Suicide In The Season Of Anomy

IN societies with responsive and responsible leadership, the increasing rate of suicide is all that is
needed to put things right. But here in Nigeria, the
major concern of those at the helms of affairs is
whatever threatens their hegemonic control of the
national commonwealth. While suicide is not peculiar to Nigeria, the
dimensions of suicide in Nigeria and the
characterisation of those who have attempted or
actually died of this reflects the mood of Nigeria. A
society experiencing sudden changes in its social
structure will alter the lives of her citizenry who may find it difficult to adjust to the new social
reality. Put in other words, the country is hard and we
live in anomy and what follows is anomic suicide.
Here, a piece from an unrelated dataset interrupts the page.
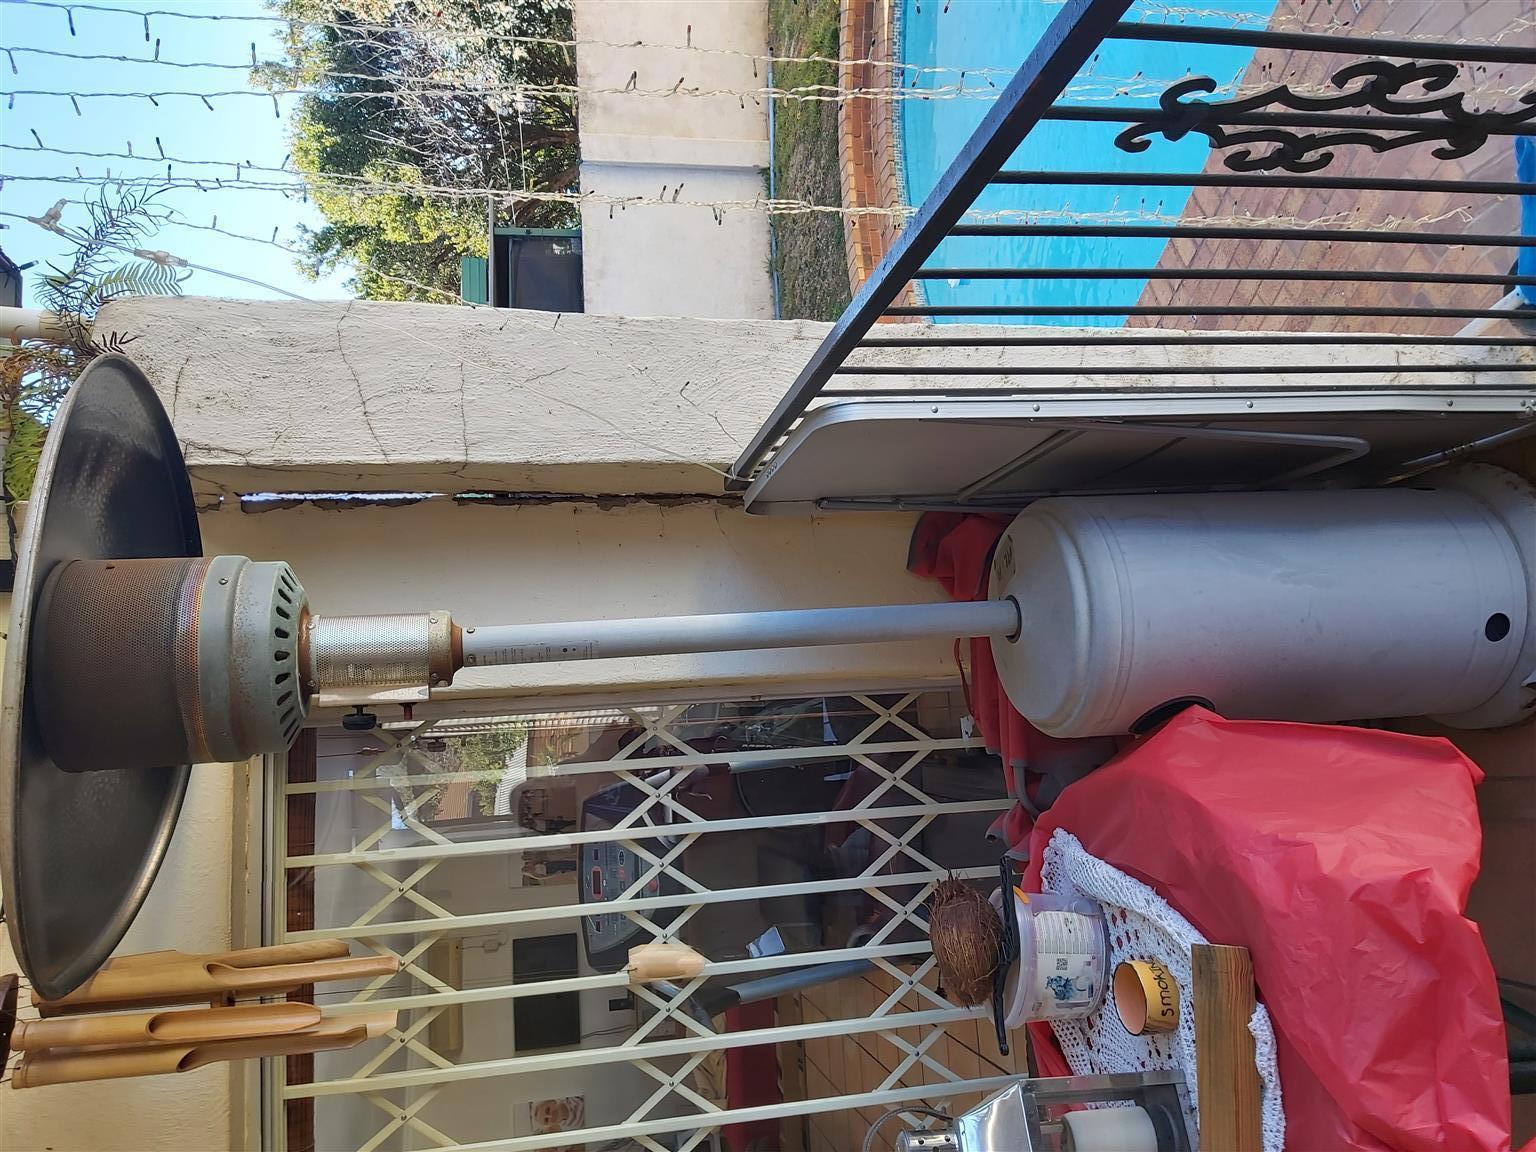 ALVA grey powder coated outdoor/patio gas heater.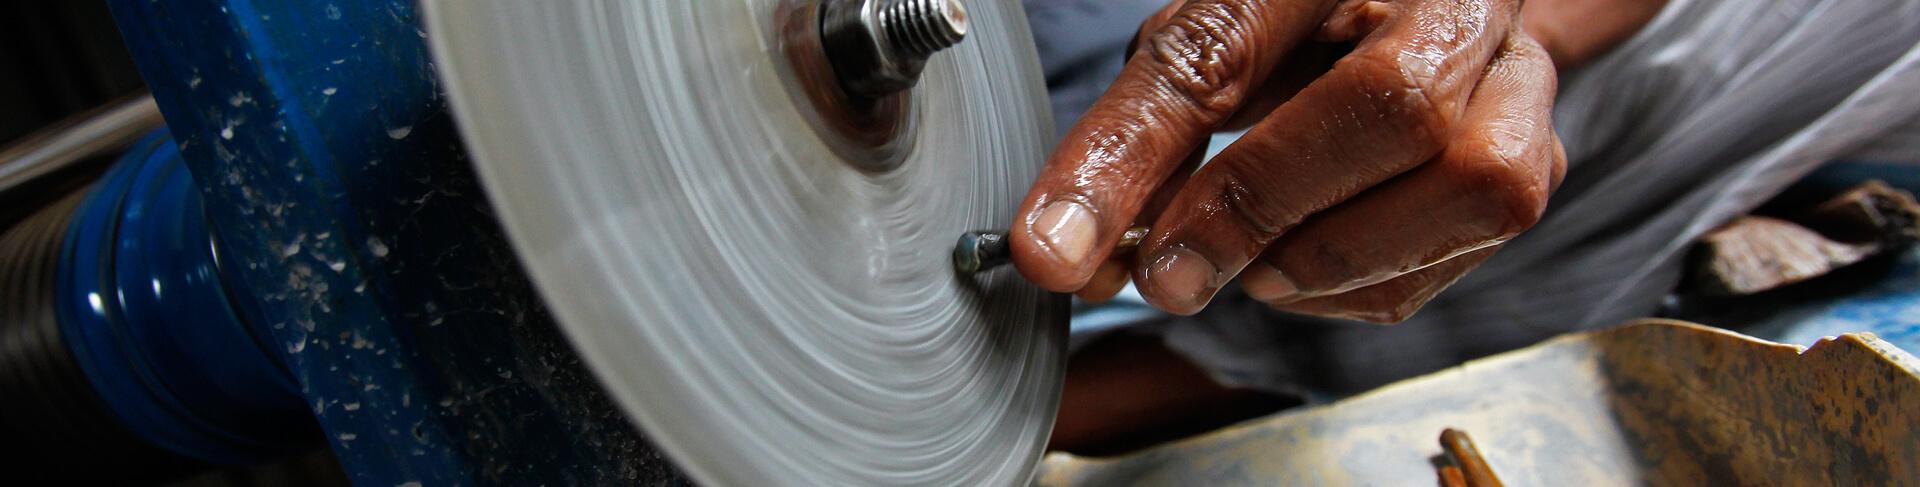 Sri Lankan Sapphire Miner Cutting Gem

Emilie Durkheim, in his study on Suicide noted that
‘what the rising rate of voluntary deaths denotes is
not the brilliancy of our civilisation but a state of
crisis and perturbation not to be prolonged with impunity’. By that he meant actionable policies, pragmatic
enough to halt people from exiting the world
‘untimely’, must be formulated and social support
mechanisms put in place. This is because Durkheim
believes suicide to be a ‘pathological phenomenon
becoming daily a greater menace’. Of course, people now come to the public to voluntarily kill
themselves. Because, suicide is mostly of social
origin, understanding this and remedying it
socially may be a timely intervention. Only a society with moral power (hardly true of
the present Nigeria) can exercise control over the
needs and aspirations of her members. In this
season of crisis (recession, unemployment, loss of
jobs, unpaid salaries, business collapse, botched
relationship, poor/weak bonding, hunger etc), Nigeria lacks the moral power to regulate the
needs and aspirations of her people who are
experiencing unprecedented changes in their
needs and values. This is why suicide is on the increase during this
anomic season. Durkheim had categorised suicide
into egoistic suicide (which occurs when man no
longer finds a basis for existence in life due to
excessive withdrawal from the society and lofty
but unaccomplished aspirations); altruistic suicide (insufficient individualism); and anomic suicide
(which results from man’s norm-lessness and moral
deregulation and its associated sufferings). The
underlying deductions extractable from the
narratives of those who left suicide notes or those
rescued on their way-out-of mother earth as well as observations of those around them attests to the
anomic state of things.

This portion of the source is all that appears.